● The problem
Repeat the listing that follows exactly. Pictures are not part of the copy.

━━━━━ Given data ━━━━━

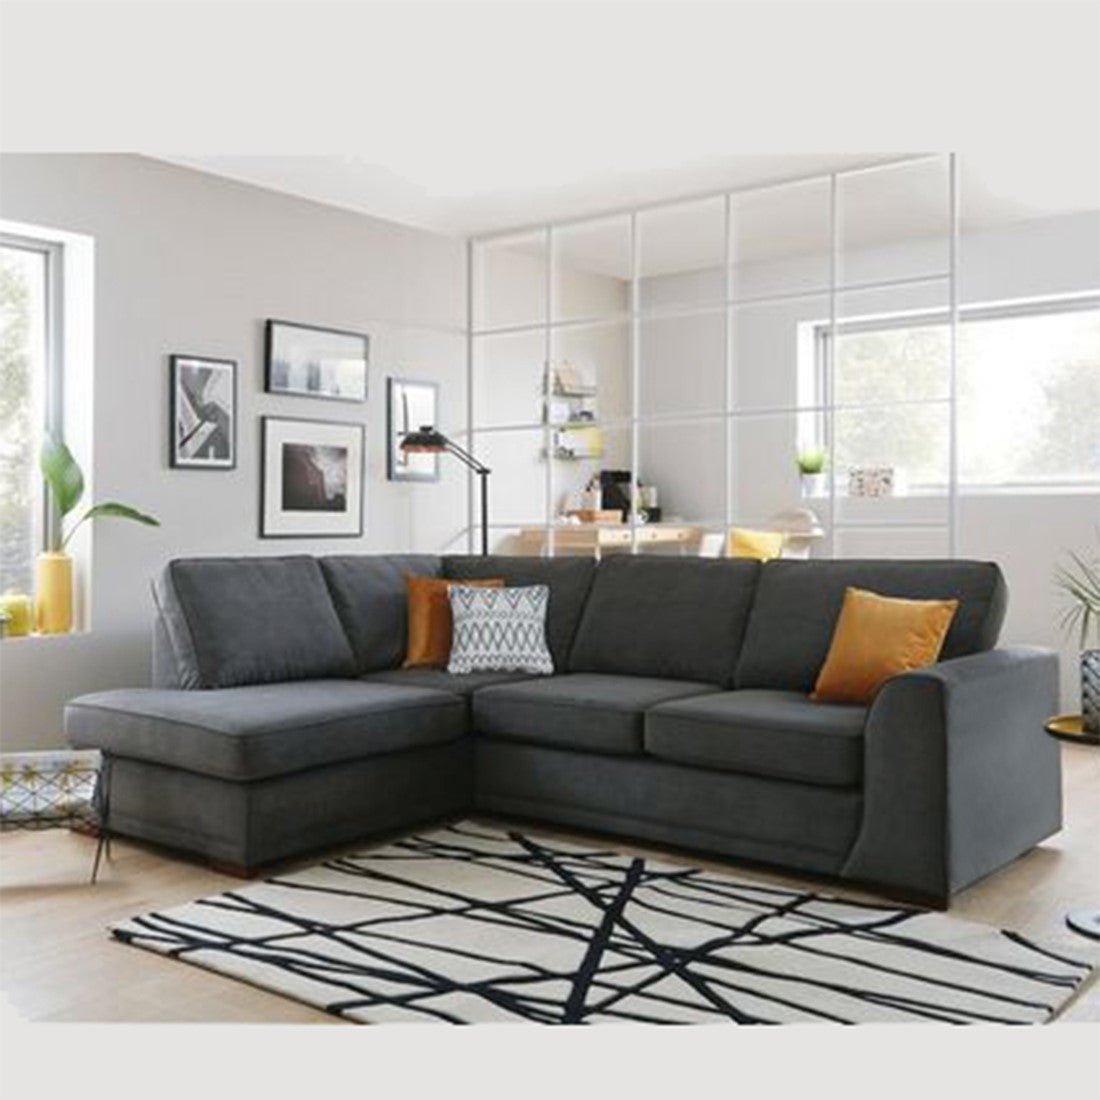 Sofia 5 Seater Fabric Sofa For Living
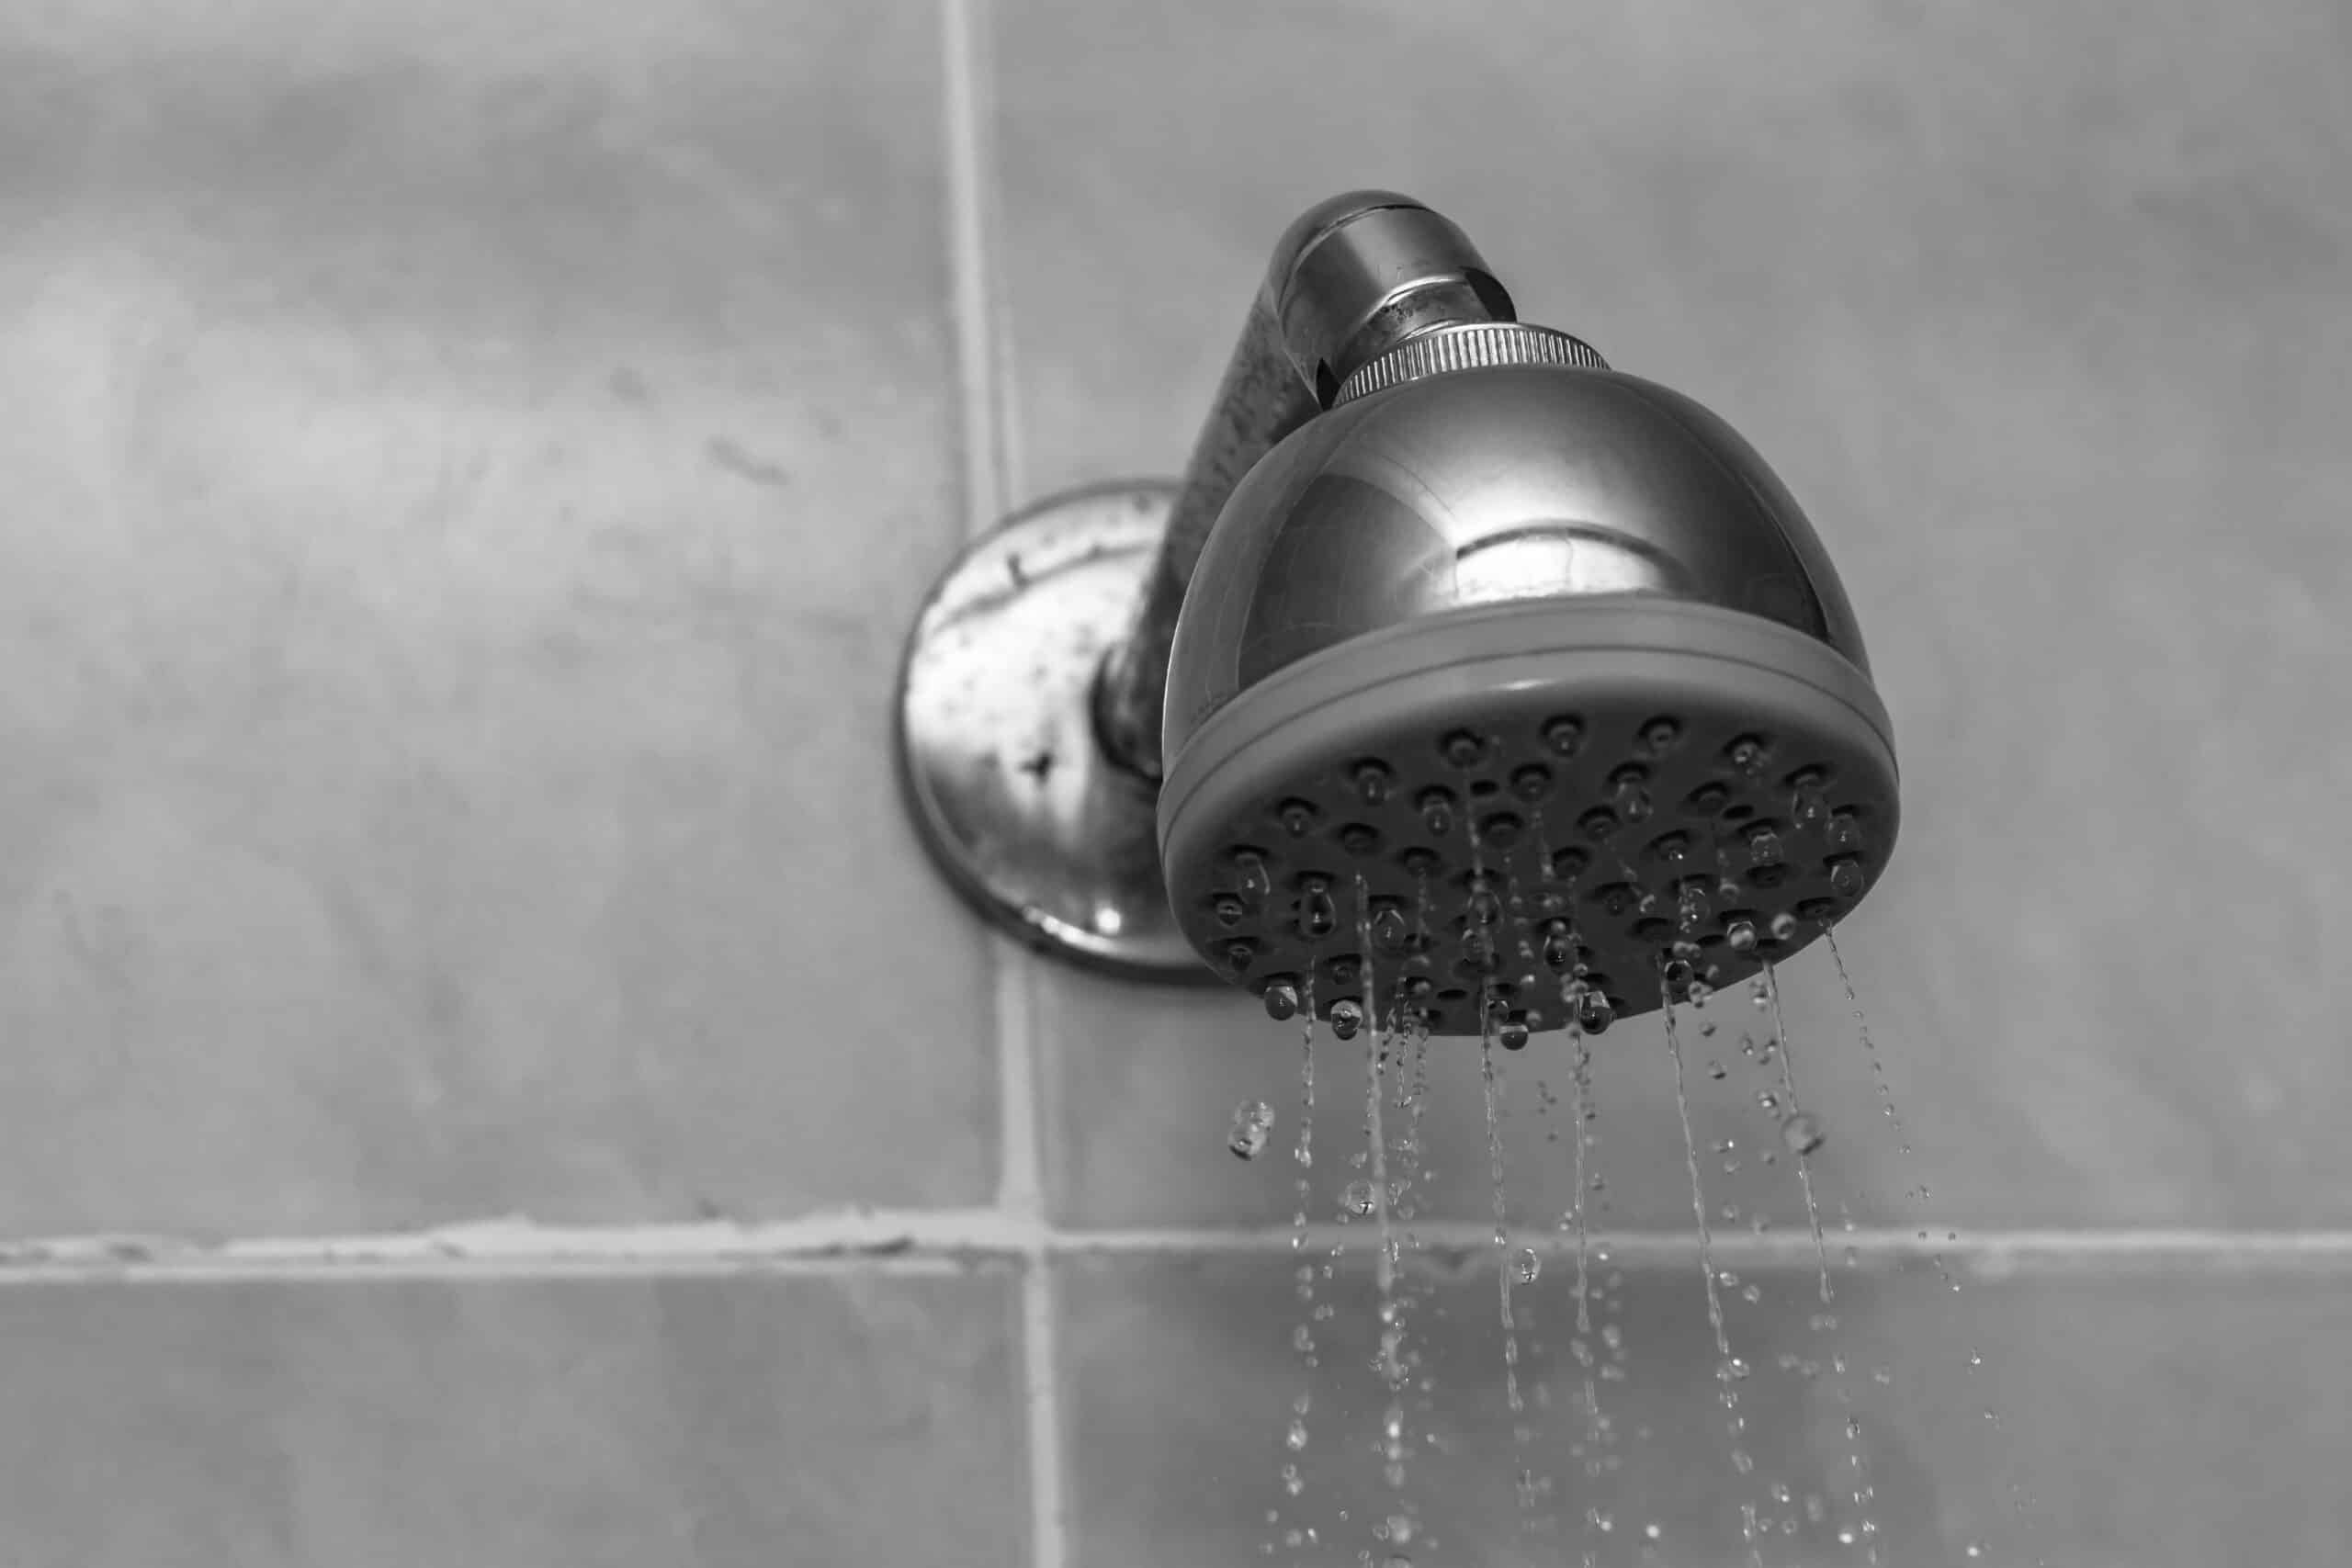 Plus de pression de l'eau dans ma douche : Comment réagir ?
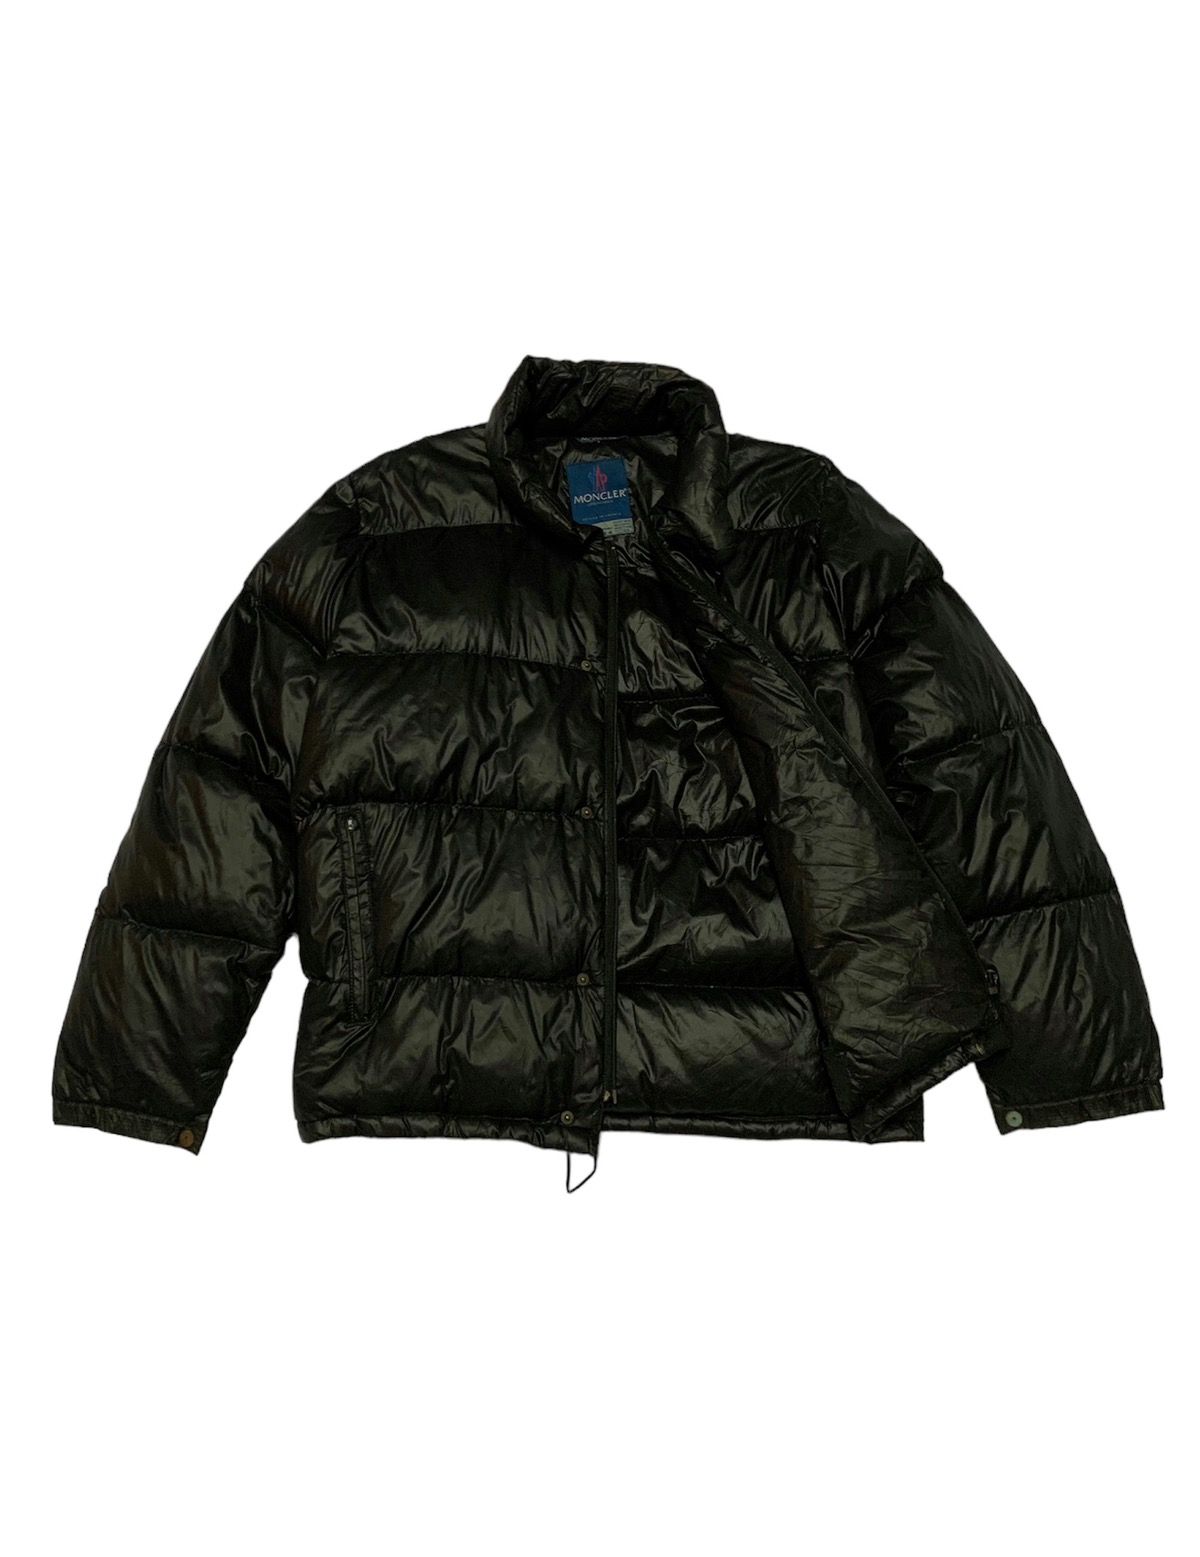 Vintage Moncler Grenoble Puffer Black Jacket - 1

━━━━━

● Exercise output
 Sofia 5 Seater Fabric Sofa For Living
 Plus de pression de l'eau dans ma douche : Comment réagir ?
 Vintage Moncler Grenoble Puffer Black Jacket - 1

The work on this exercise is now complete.